# 4. 
Yes, why not? The concept is simple: you have a candidate variable that may be helpful in predicting some other variable (even after accounting for a bunch of other predictors such as own past values of the dependent variable). You test whether that is the case. If you reject the null, you conclude that the variable indeed helps.

# 5. 
Because the two partly overlap. The difference is that the Granger test is used in a VAR model where there is more than one dependent variable and hence more room for applying the test (Does $y_1 \xrightarrow{Granger} y_2$?; Does $y_1 \xrightarrow{Granger} y_3$?; etc). Meanwhile, Choi and Varian has only one dependent variable.

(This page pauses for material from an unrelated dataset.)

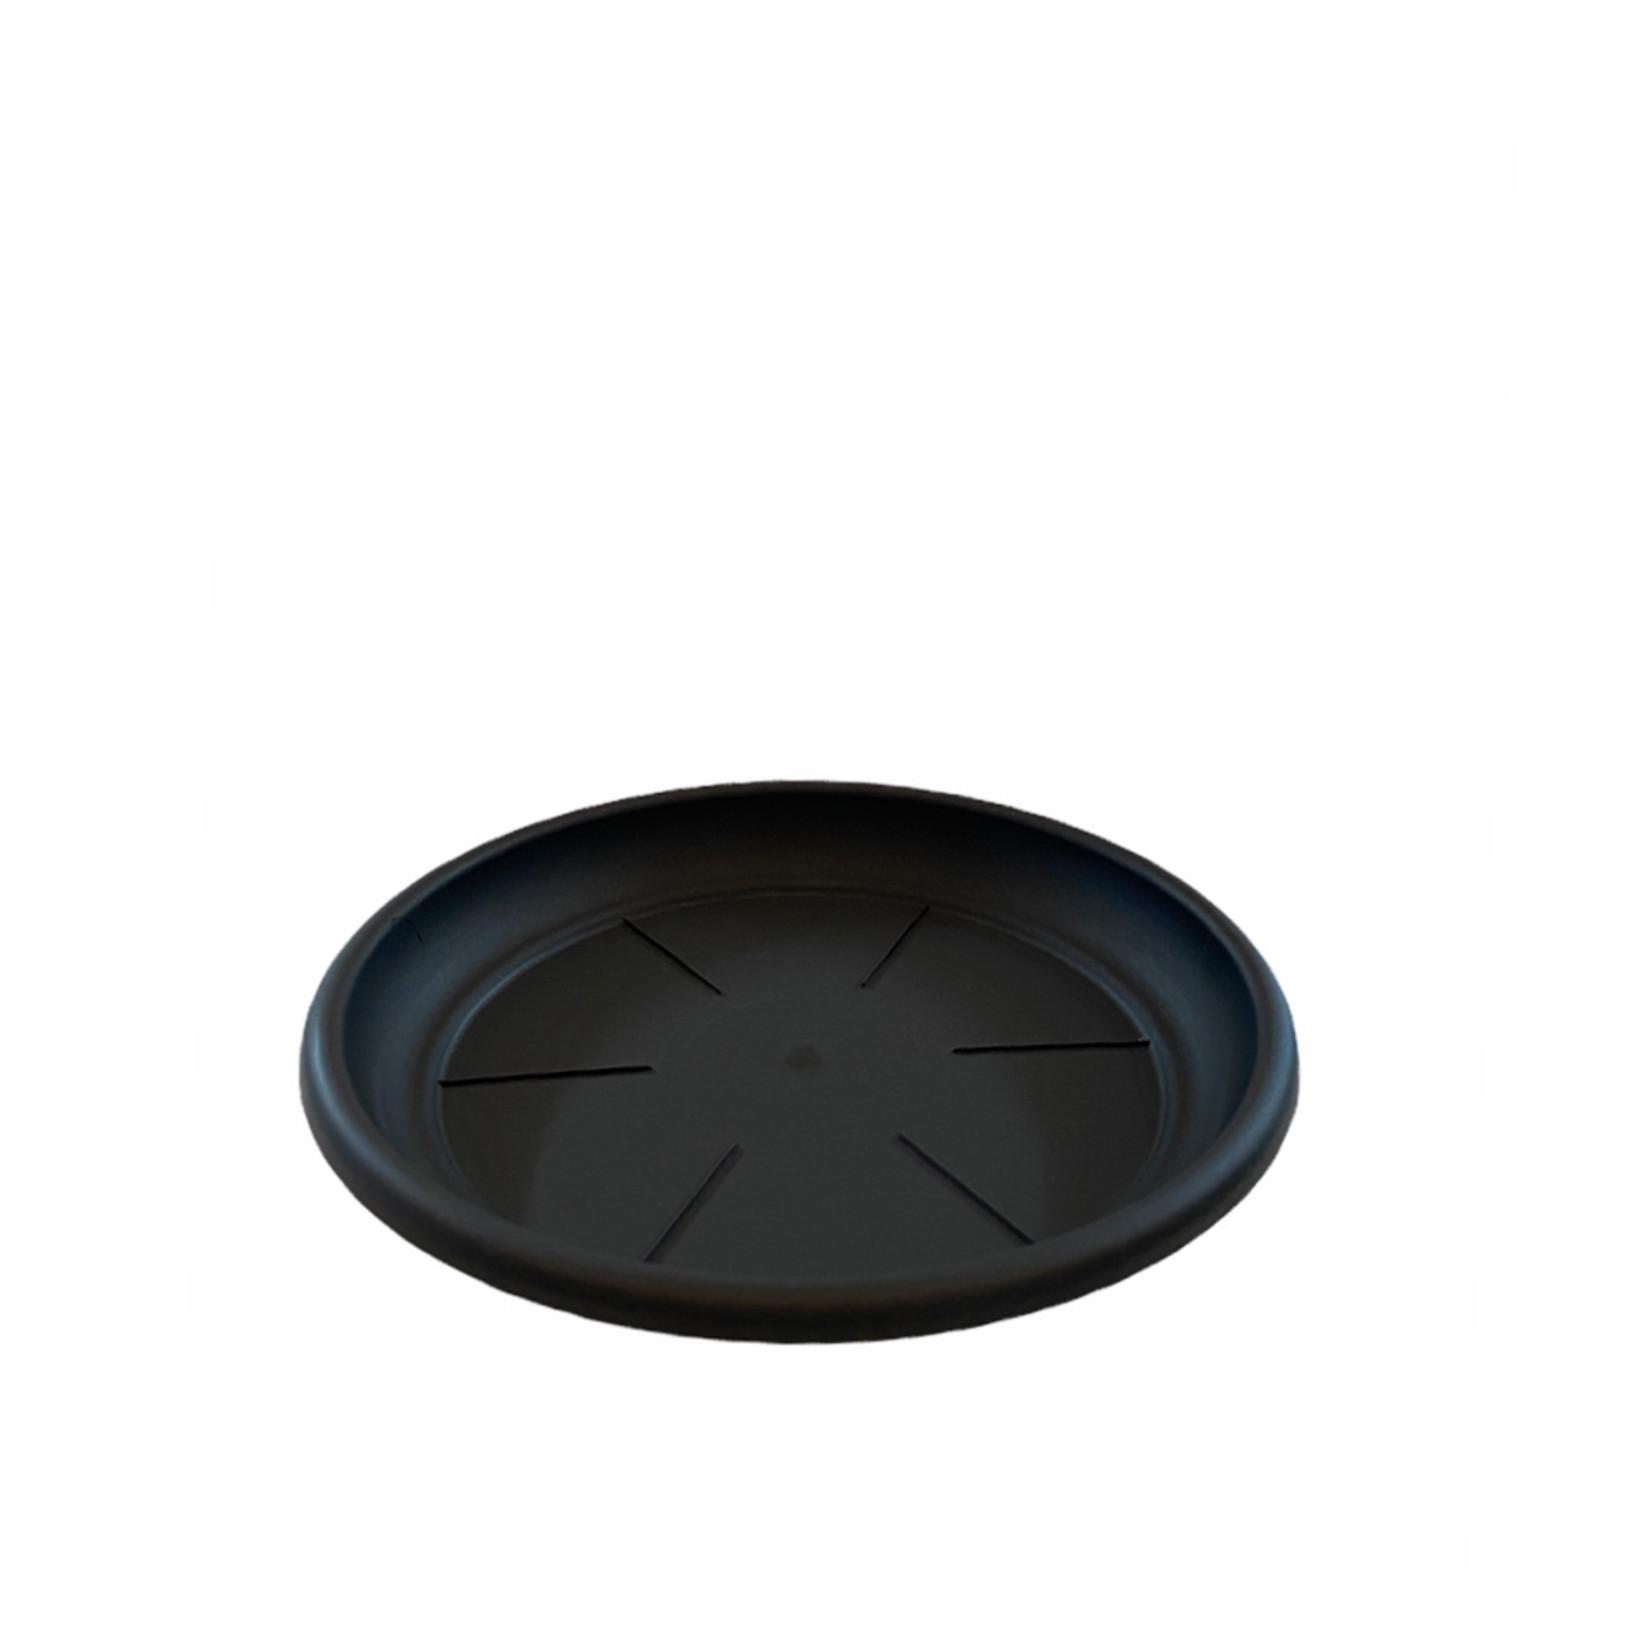 Teraplast Sottovaso, Antracite 35cm

> Granger can measure the direction of the effect

You can test $H_0 \colon y_1 \xrightarrow{Granger} y_2$ and $H_0 \colon y_2 \xrightarrow{Granger} y_1$ and conclude which way (none, first, second or both) it goes. So in this sense you are right.

> Choi & Varian's model can help to measure the magnitude of the effect

Yes. But also a VAR model allows measuring the magnitude of effects alongside Granger testing; hence, Choi and Varian are not superior in this sense.

> Granger can measure the direction of the effect while Choi & Varian's model can help to measure the magnitude of the effect

As becomes clear from above, magnitude can be measured in both cases. Direction may or may not be of interest. If it is, do Granger tests. If it is not, a single Choi and Varian-style test is enough.